▶ Work to complete
Return the full listing unchanged, excluding any images it contains.

▶ Dataset section
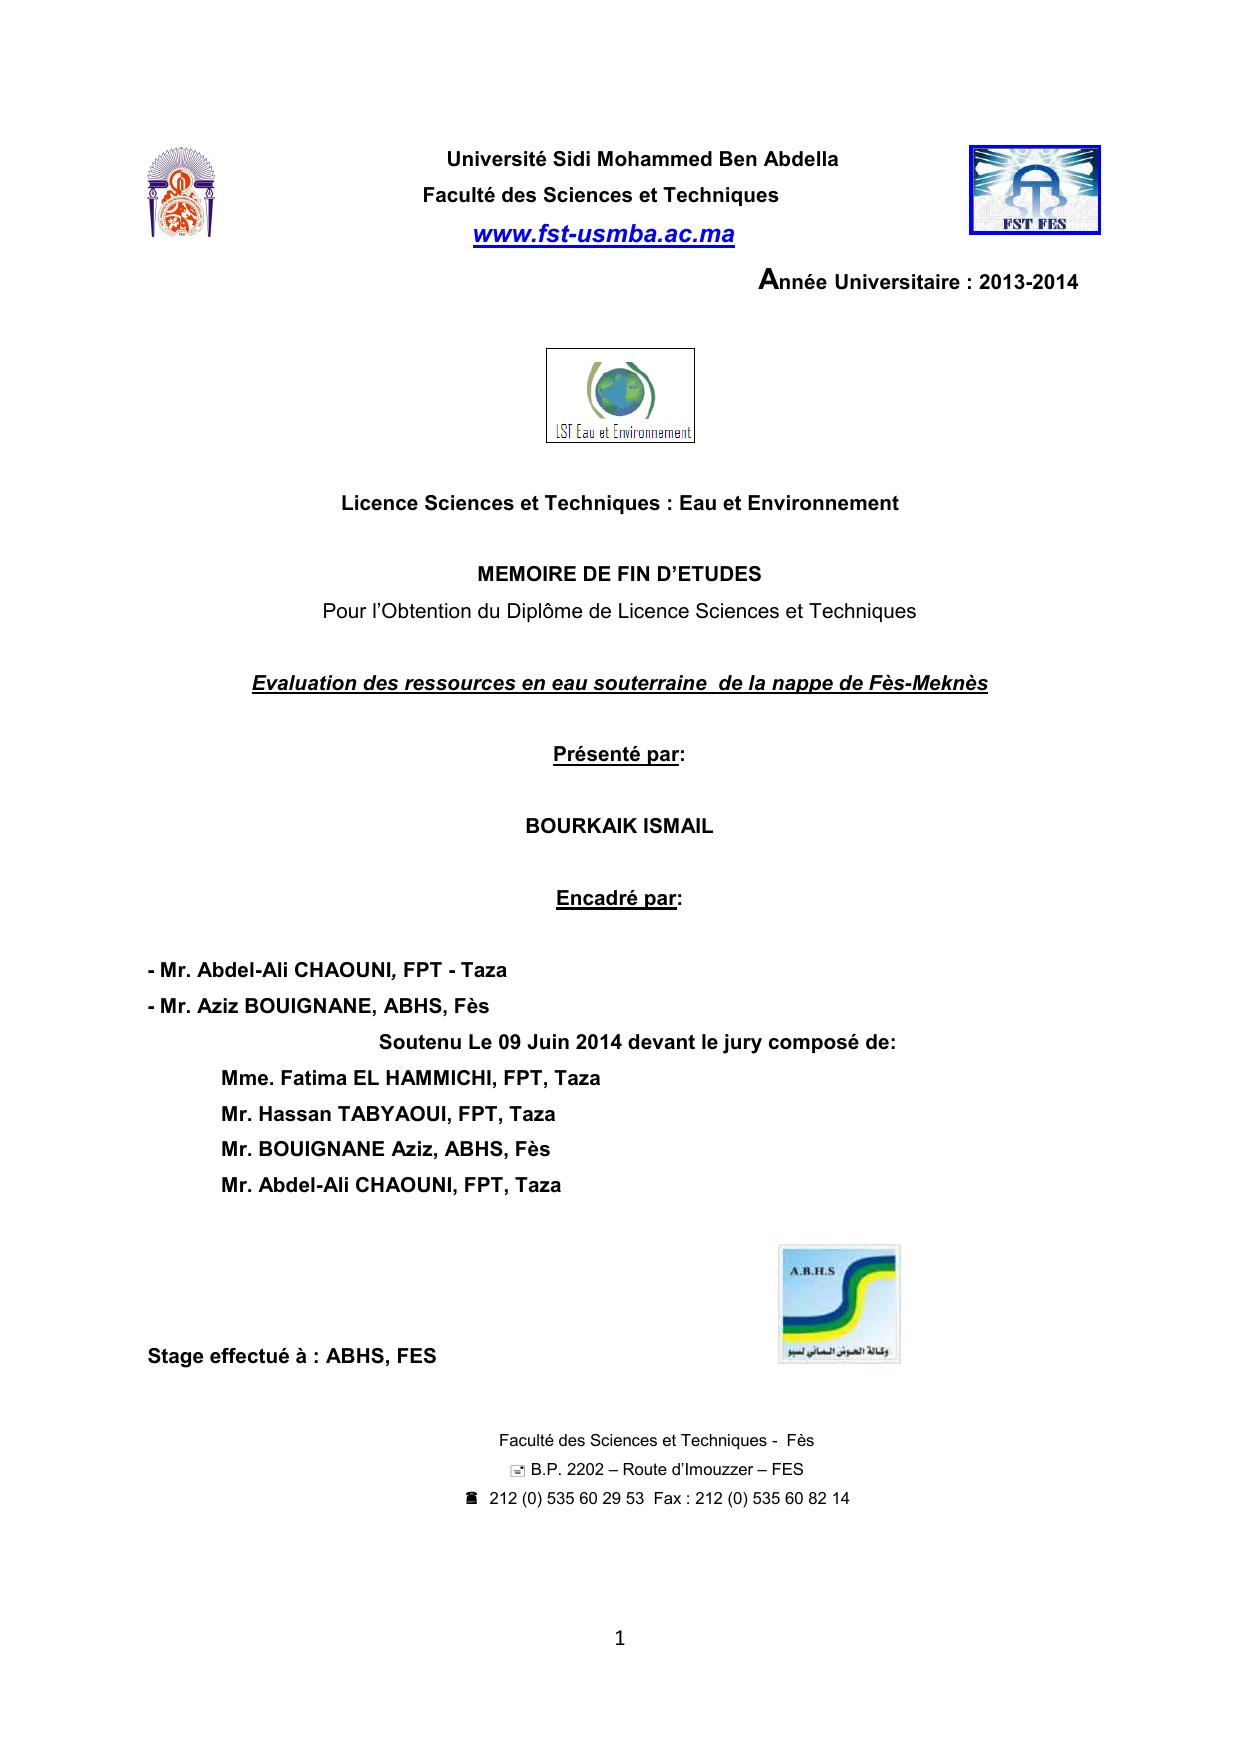 Evaluation des ressources en eau souterraine de la nappe de Fès-Meknès
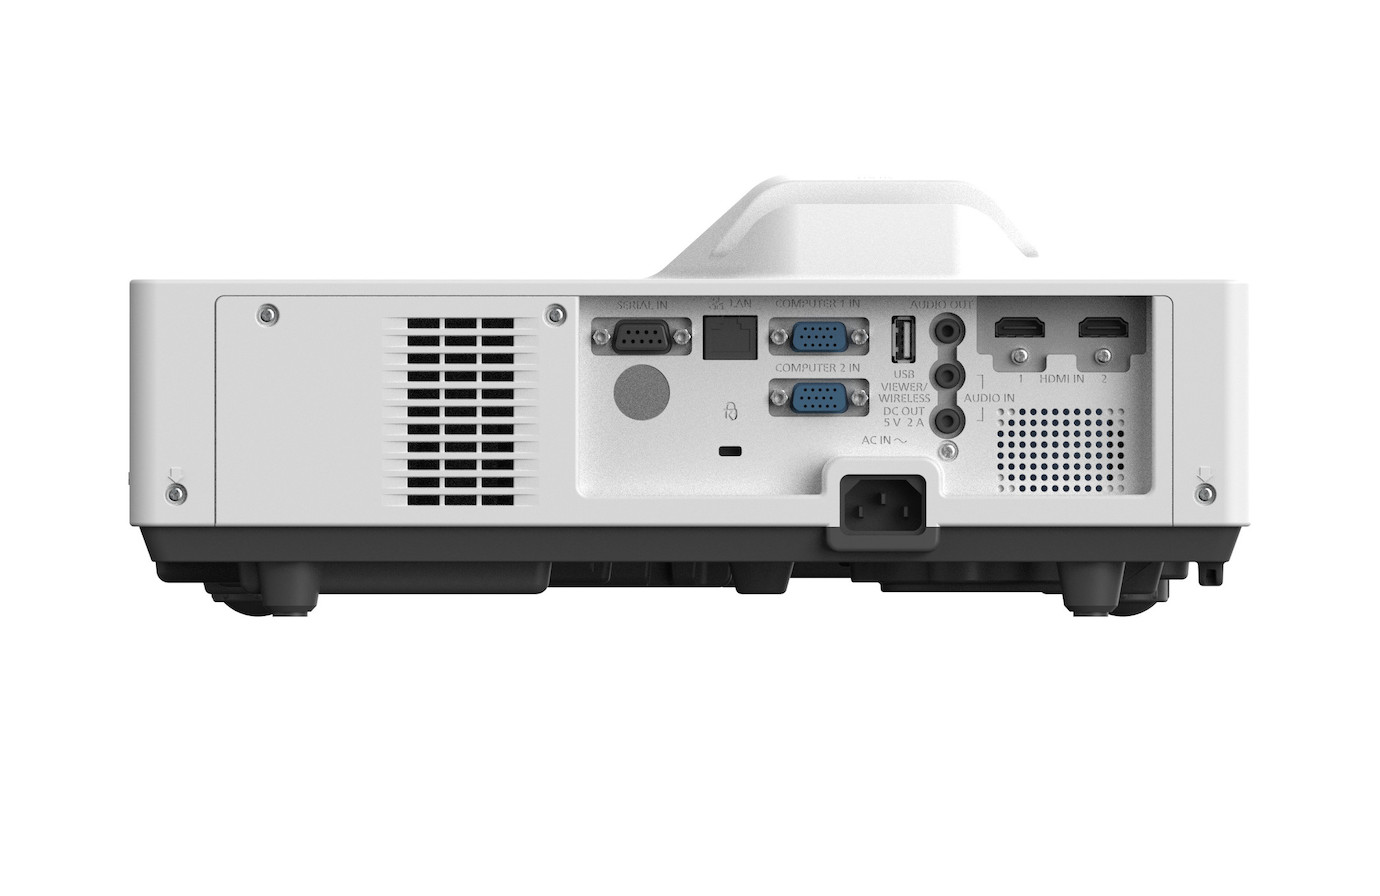 Vorschau: Panasonic PT-TMZ400, Beamer, Laser-Kurzdistanz Beamer mit WUXGA und 4000 ANSI-Lumen - Demo
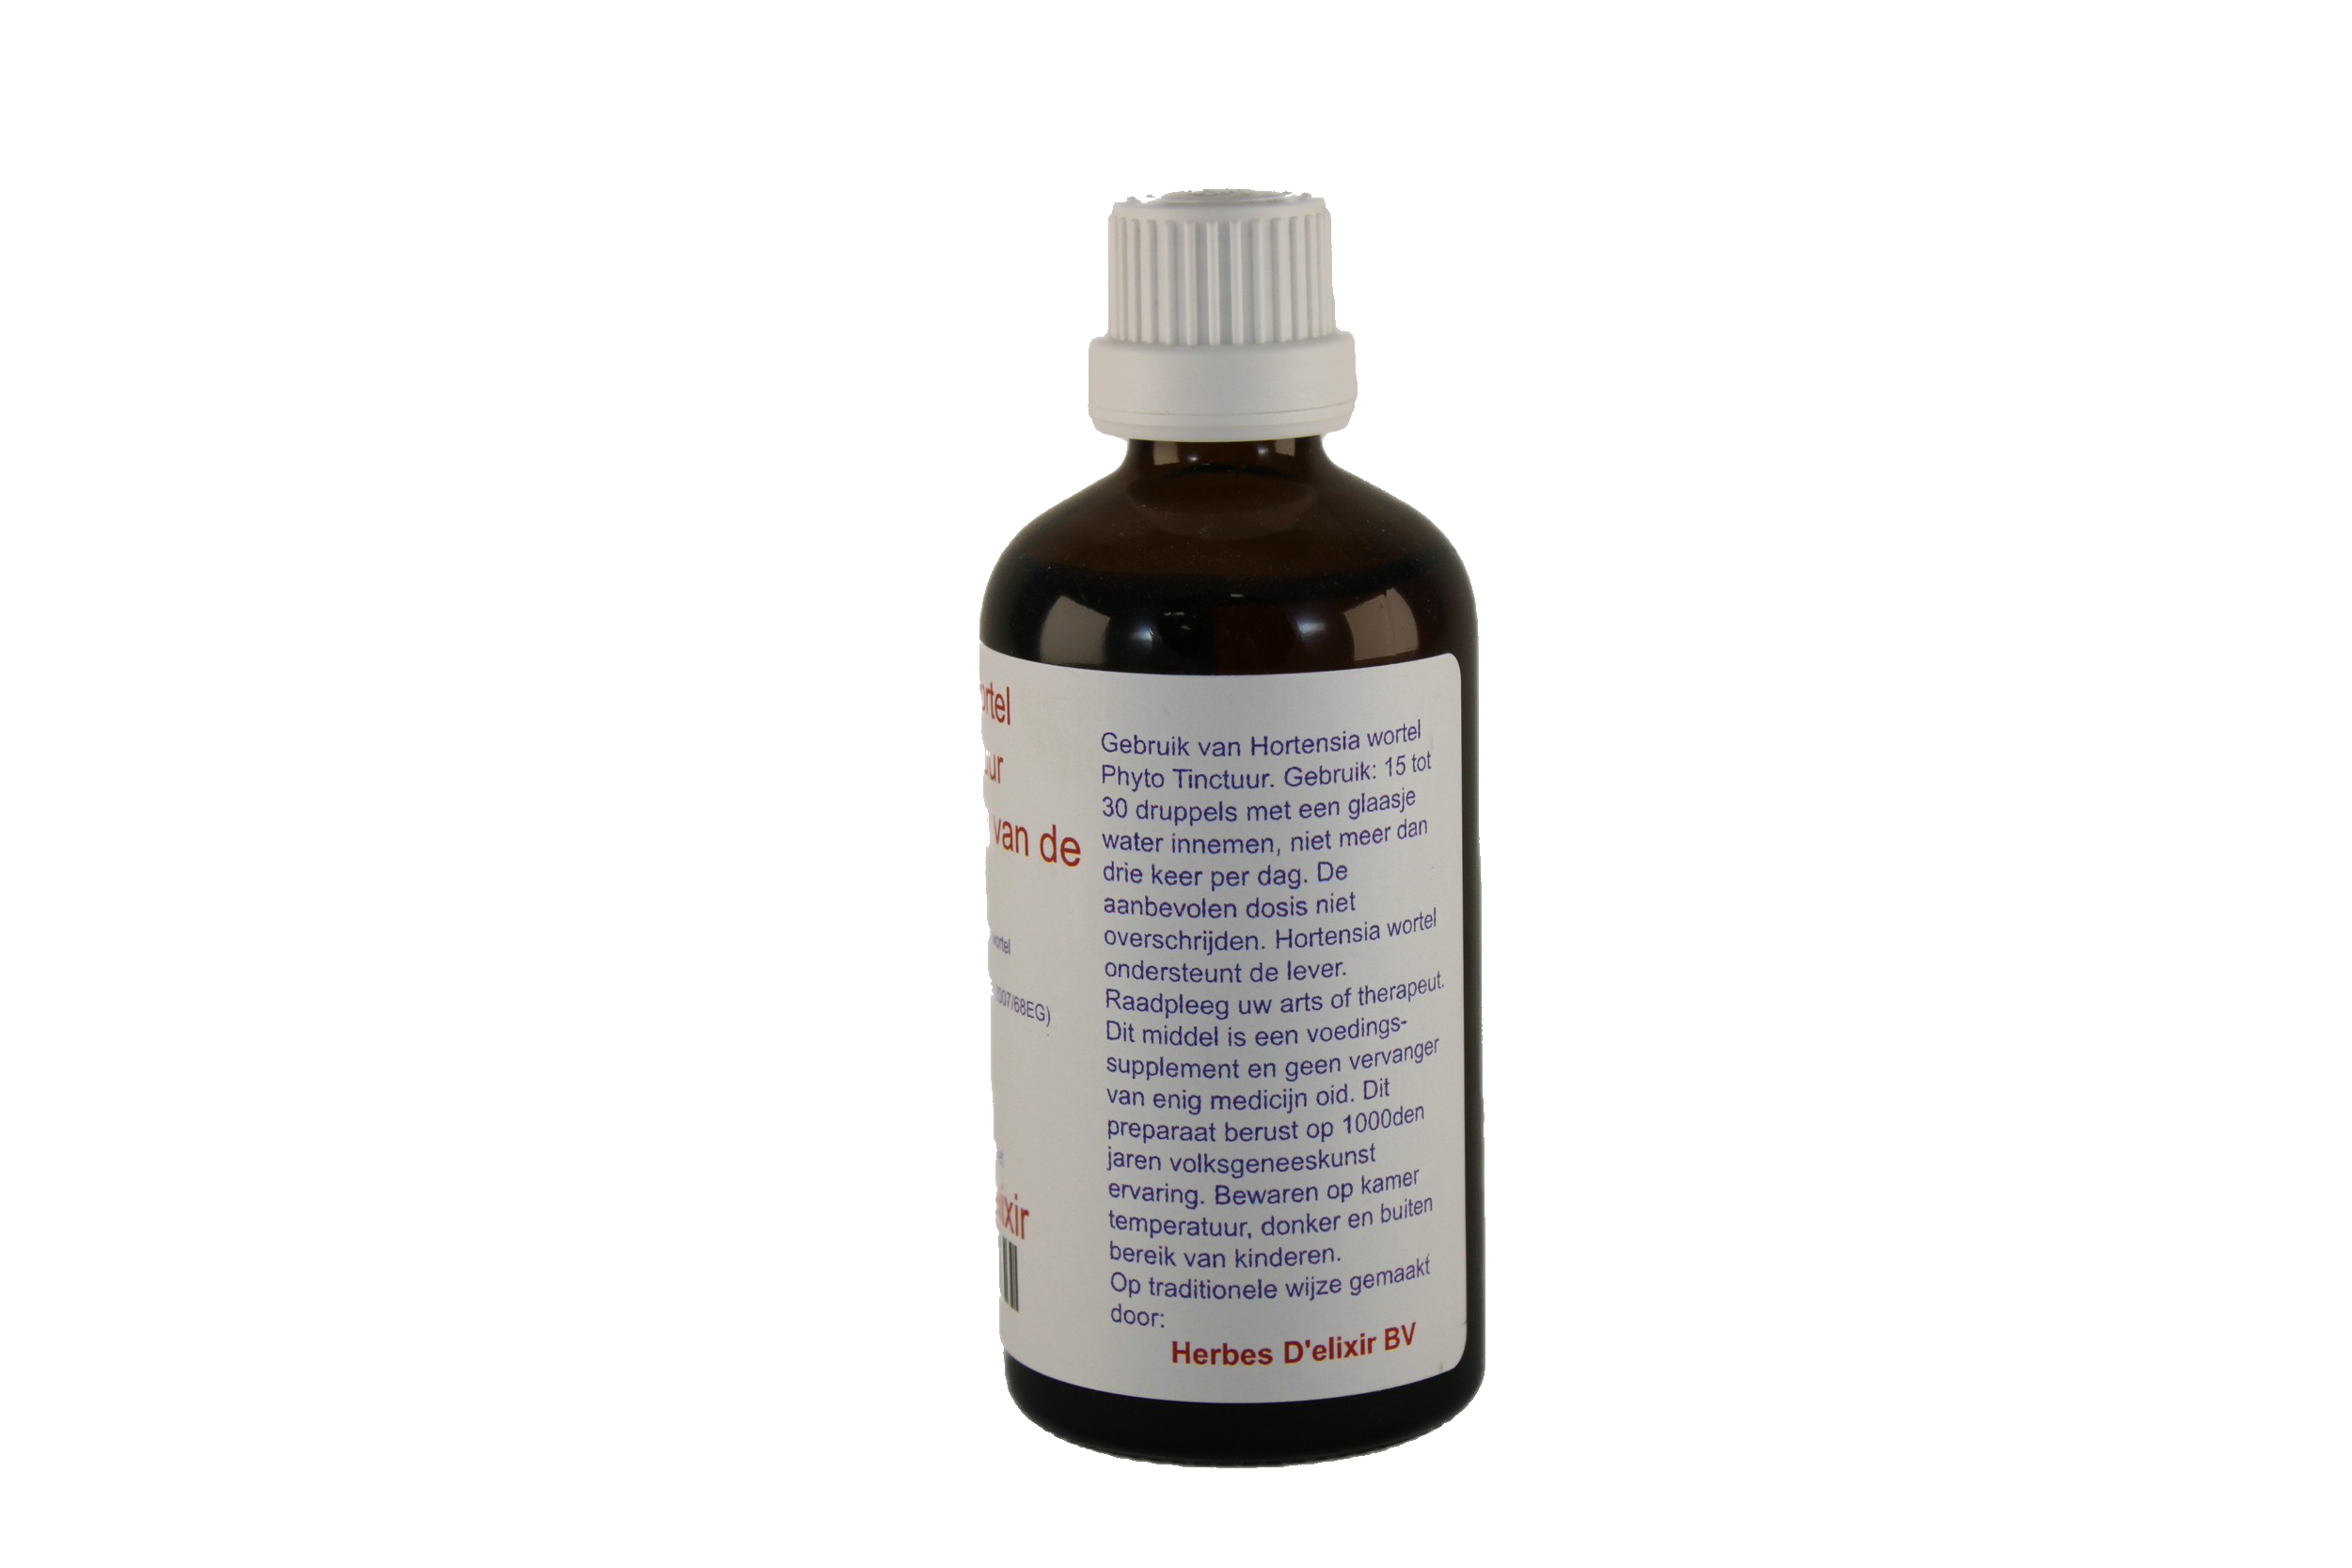 Hortensia wortel tinctuur - 100 ml - Herbes D'elixir

▶ Reply to the exercise
 Evaluation des ressources en eau souterraine de la nappe de Fès-Meknès
 Vorschau: Panasonic PT-TMZ400, Beamer, Laser-Kurzdistanz Beamer mit WUXGA und 4000 ANSI-Lumen - Demo
 Hortensia wortel tinctuur - 100 ml - Herbes D'elixir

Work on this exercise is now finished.